## TASK BRIEF
Restate the full listing word for word and leave the pictures out.

##### DATA

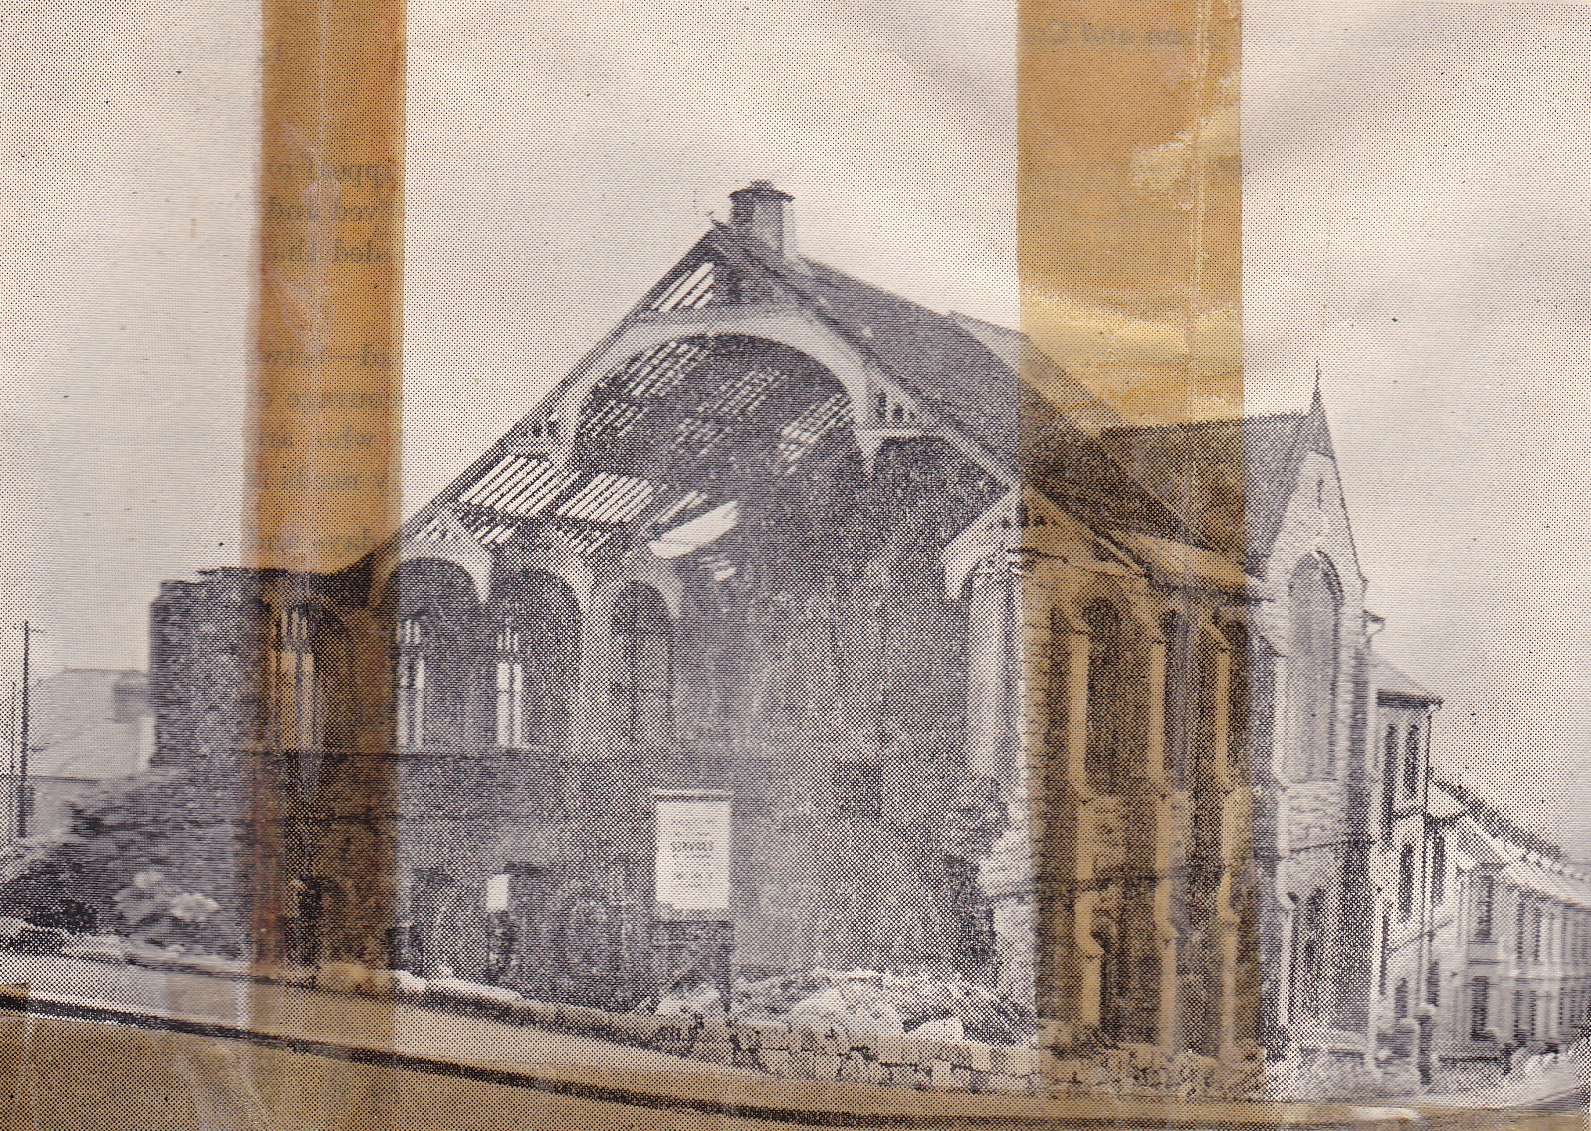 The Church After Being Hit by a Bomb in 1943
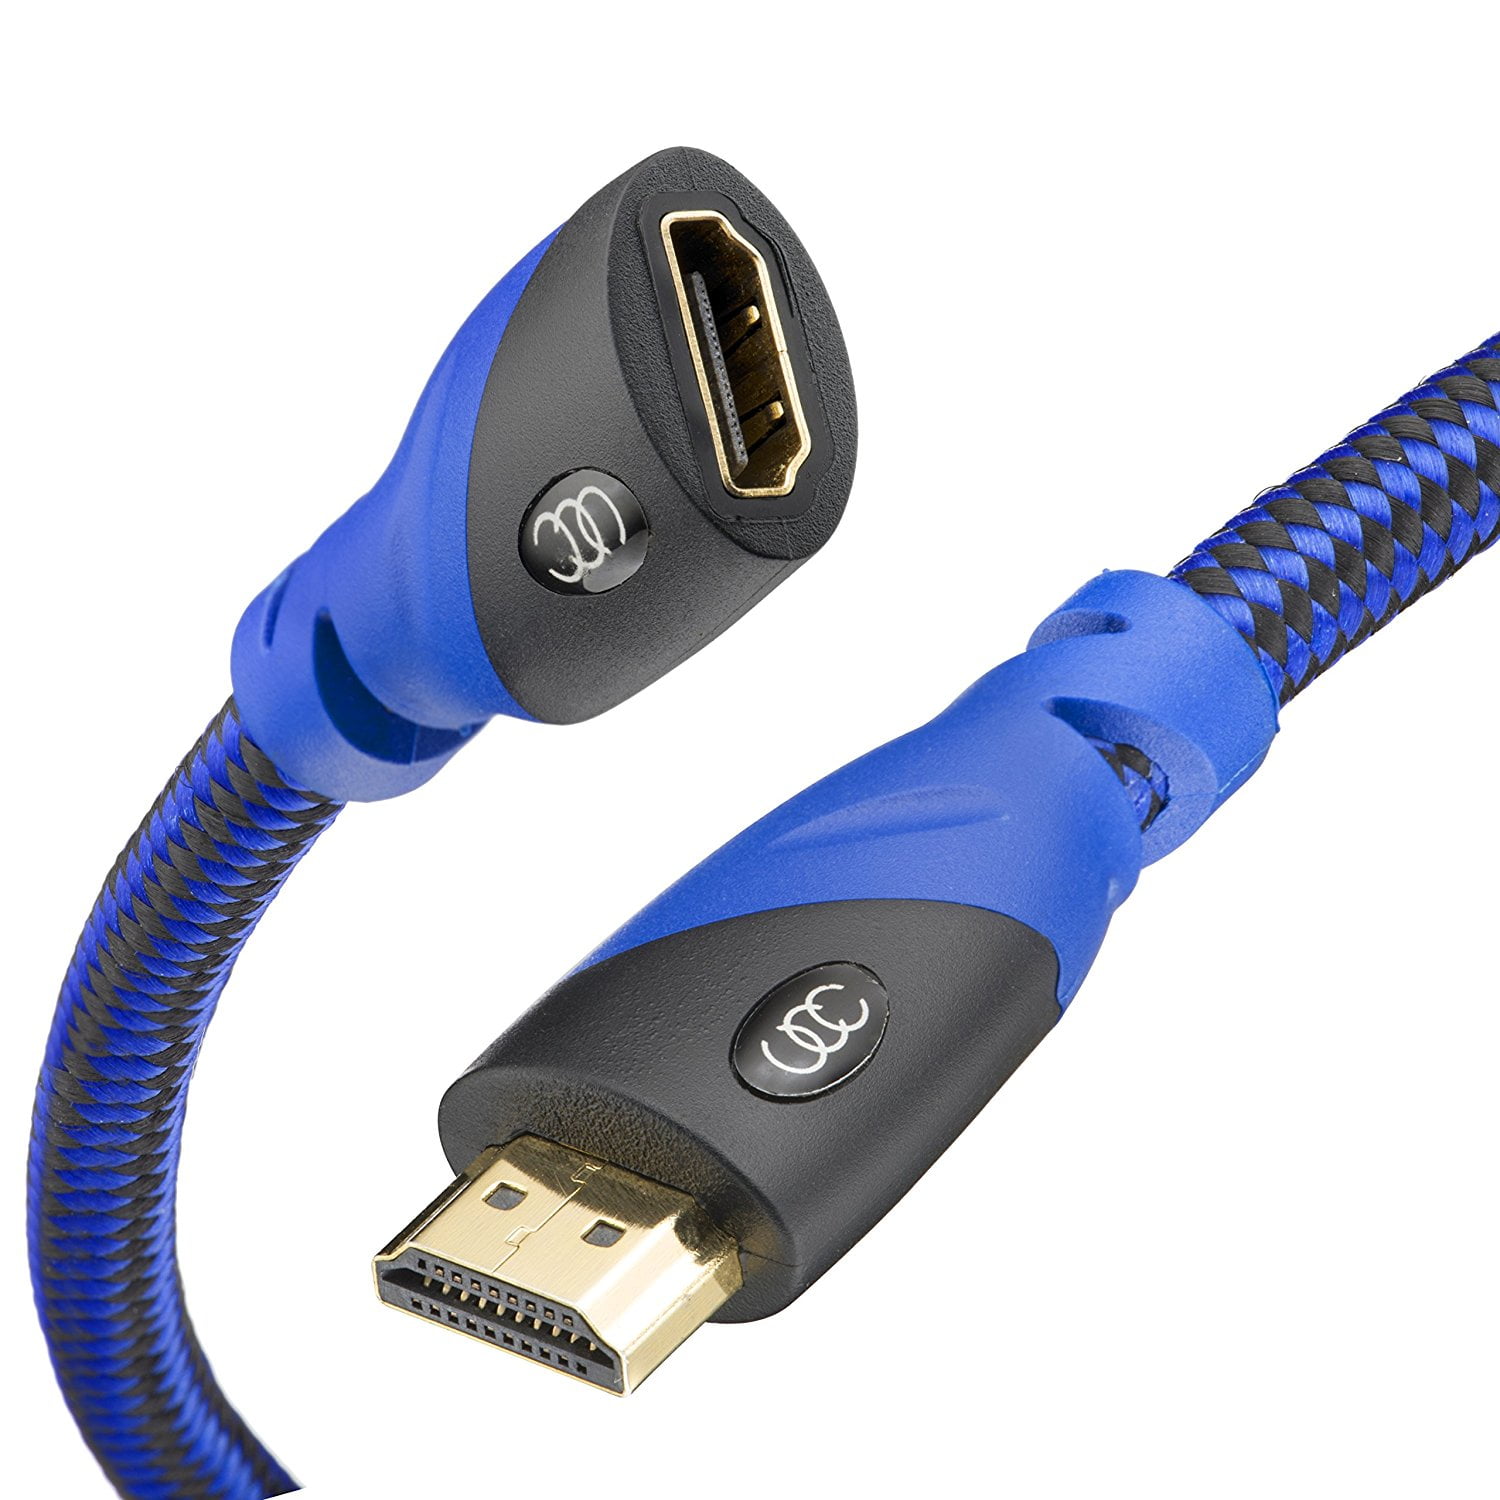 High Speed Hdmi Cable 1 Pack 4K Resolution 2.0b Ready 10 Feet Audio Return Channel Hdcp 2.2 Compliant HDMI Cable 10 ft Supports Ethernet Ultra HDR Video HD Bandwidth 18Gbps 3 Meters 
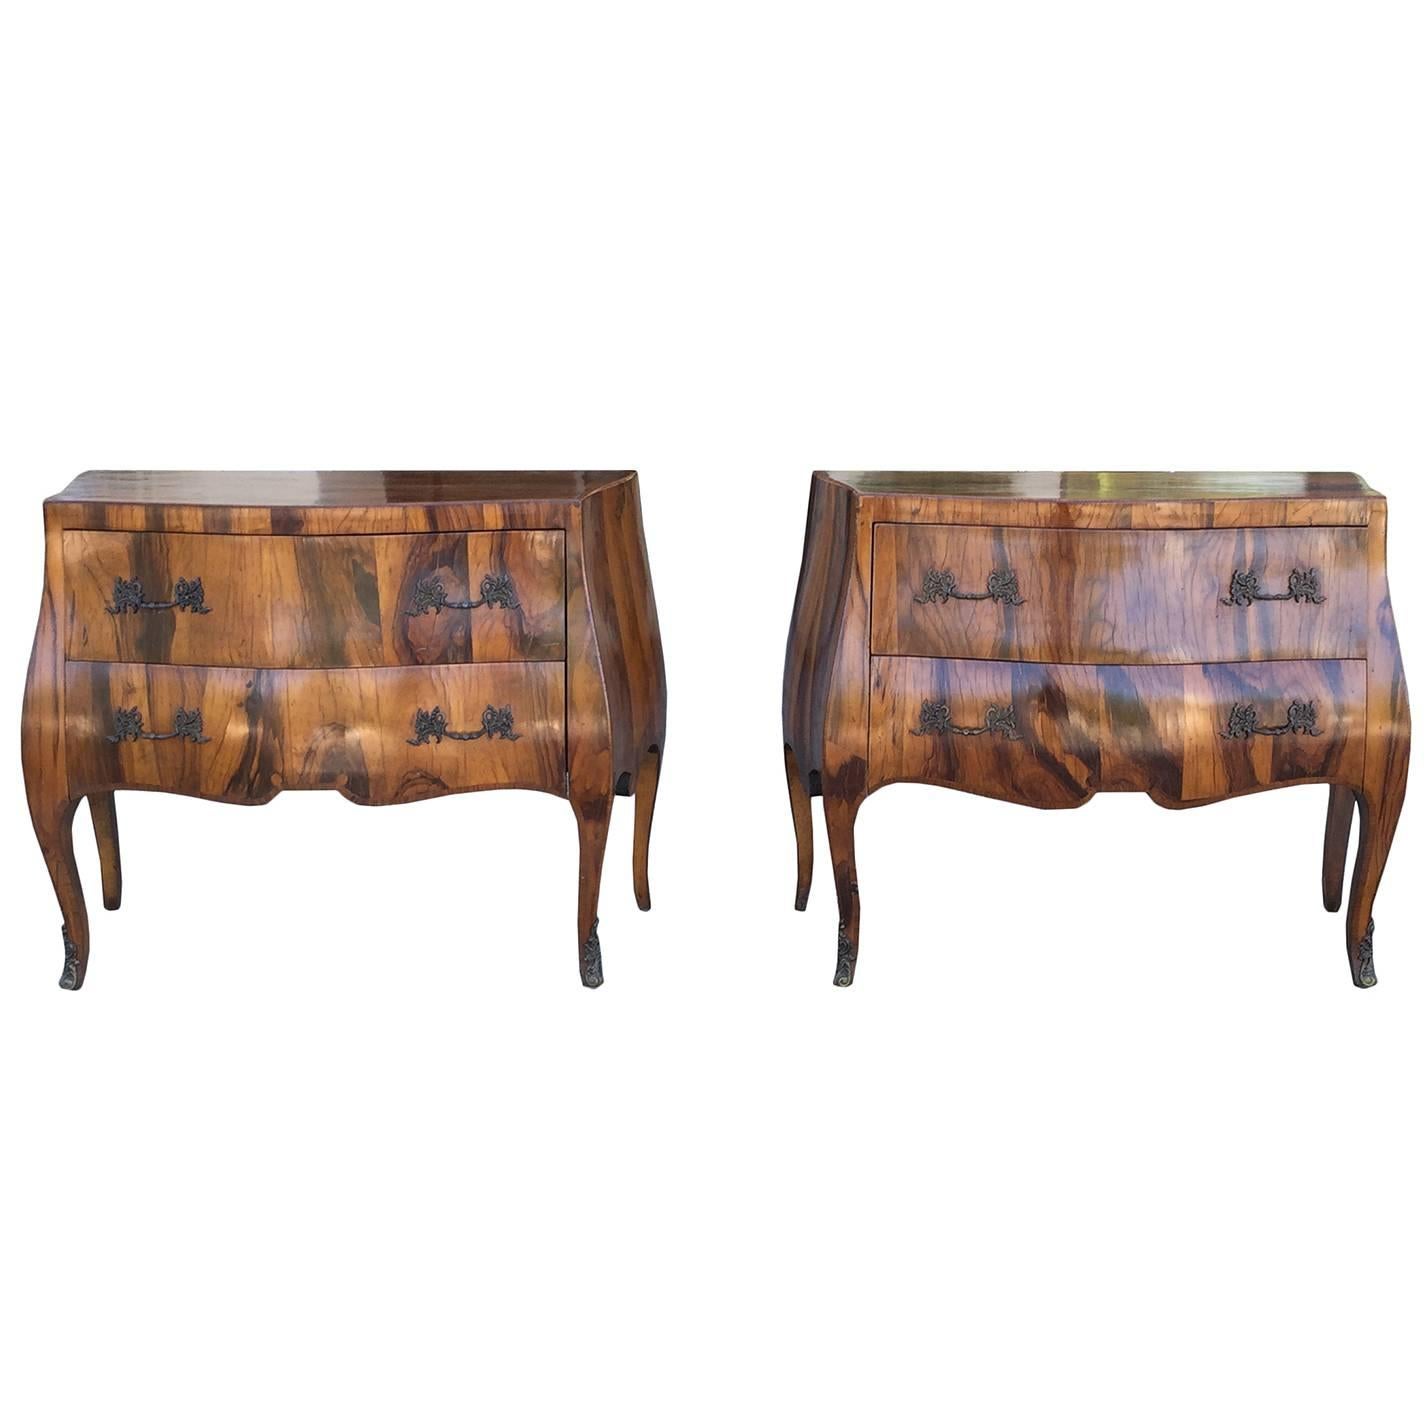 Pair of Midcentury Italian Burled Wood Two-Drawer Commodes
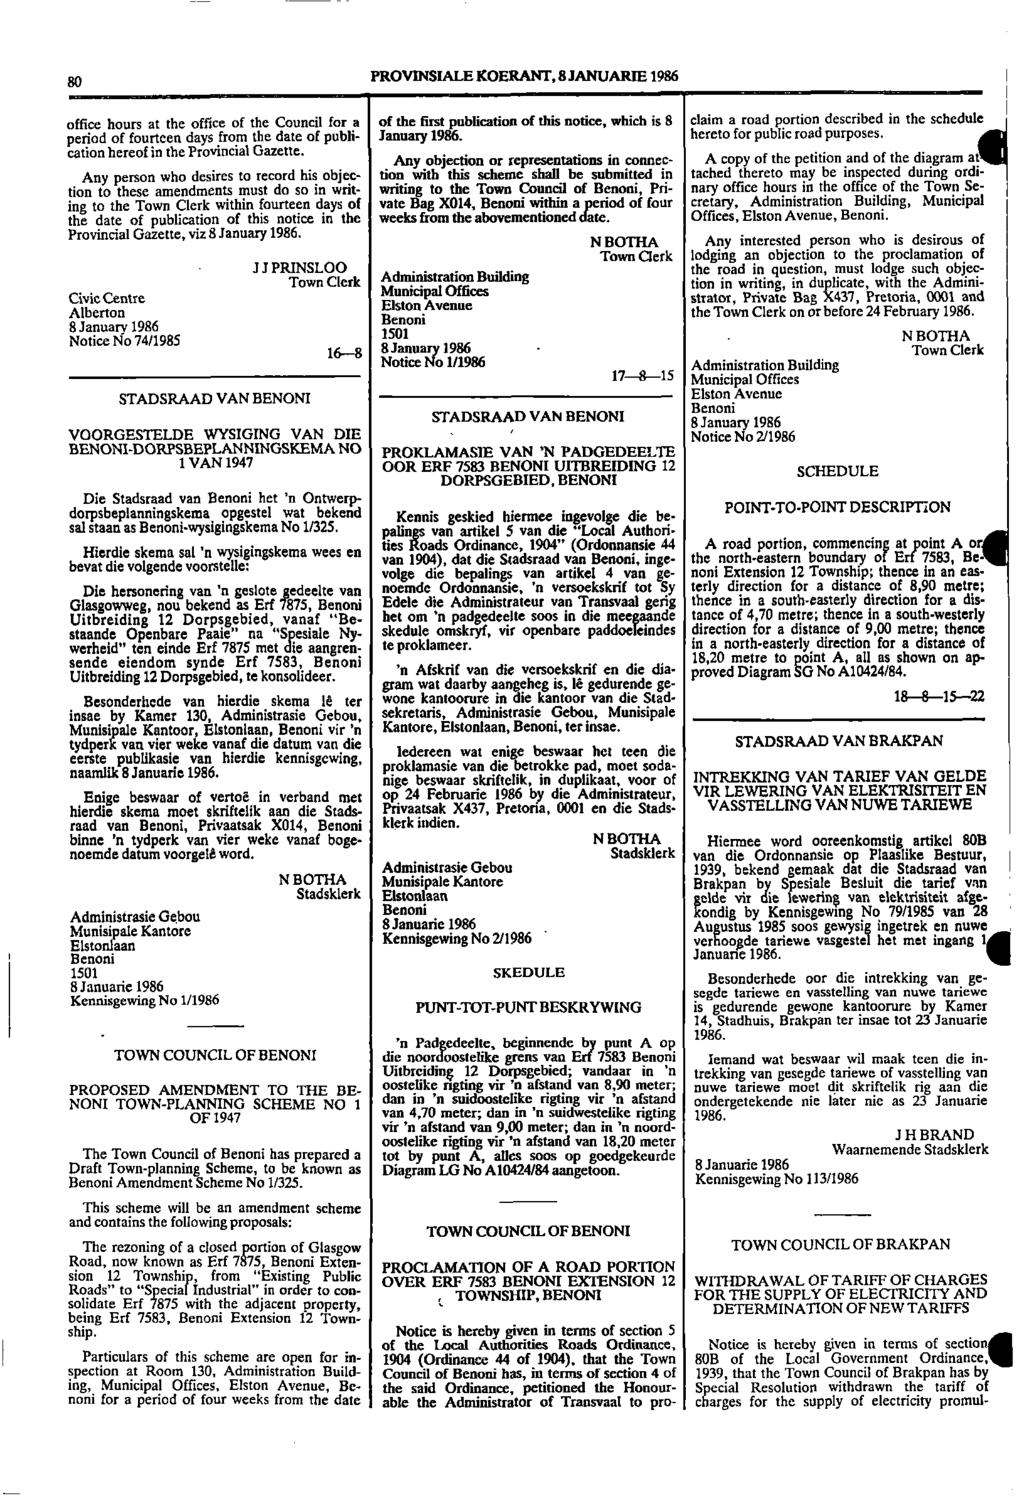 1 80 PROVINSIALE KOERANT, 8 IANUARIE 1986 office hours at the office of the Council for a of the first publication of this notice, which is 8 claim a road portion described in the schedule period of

##########

## RESPONSE TO THIS TASK
 The Church After Being Hit by a Bomb in 1943
 High Speed Hdmi Cable 1 Pack 4K Resolution 2.0b Ready 10 Feet Audio Return Channel Hdcp 2.2 Compliant HDMI Cable 10 ft Supports Ethernet Ultra HDR Video HD Bandwidth 18Gbps 3 Meters 
 Pair of Midcentury Italian Burled Wood Two-Drawer Commodes
 1 80 PROVINSIALE KOERANT, 8 IANUARIE 1986 office hours at the office of the Council for a of the first publication of this notice, which is 8 claim a road portion described in the schedule period of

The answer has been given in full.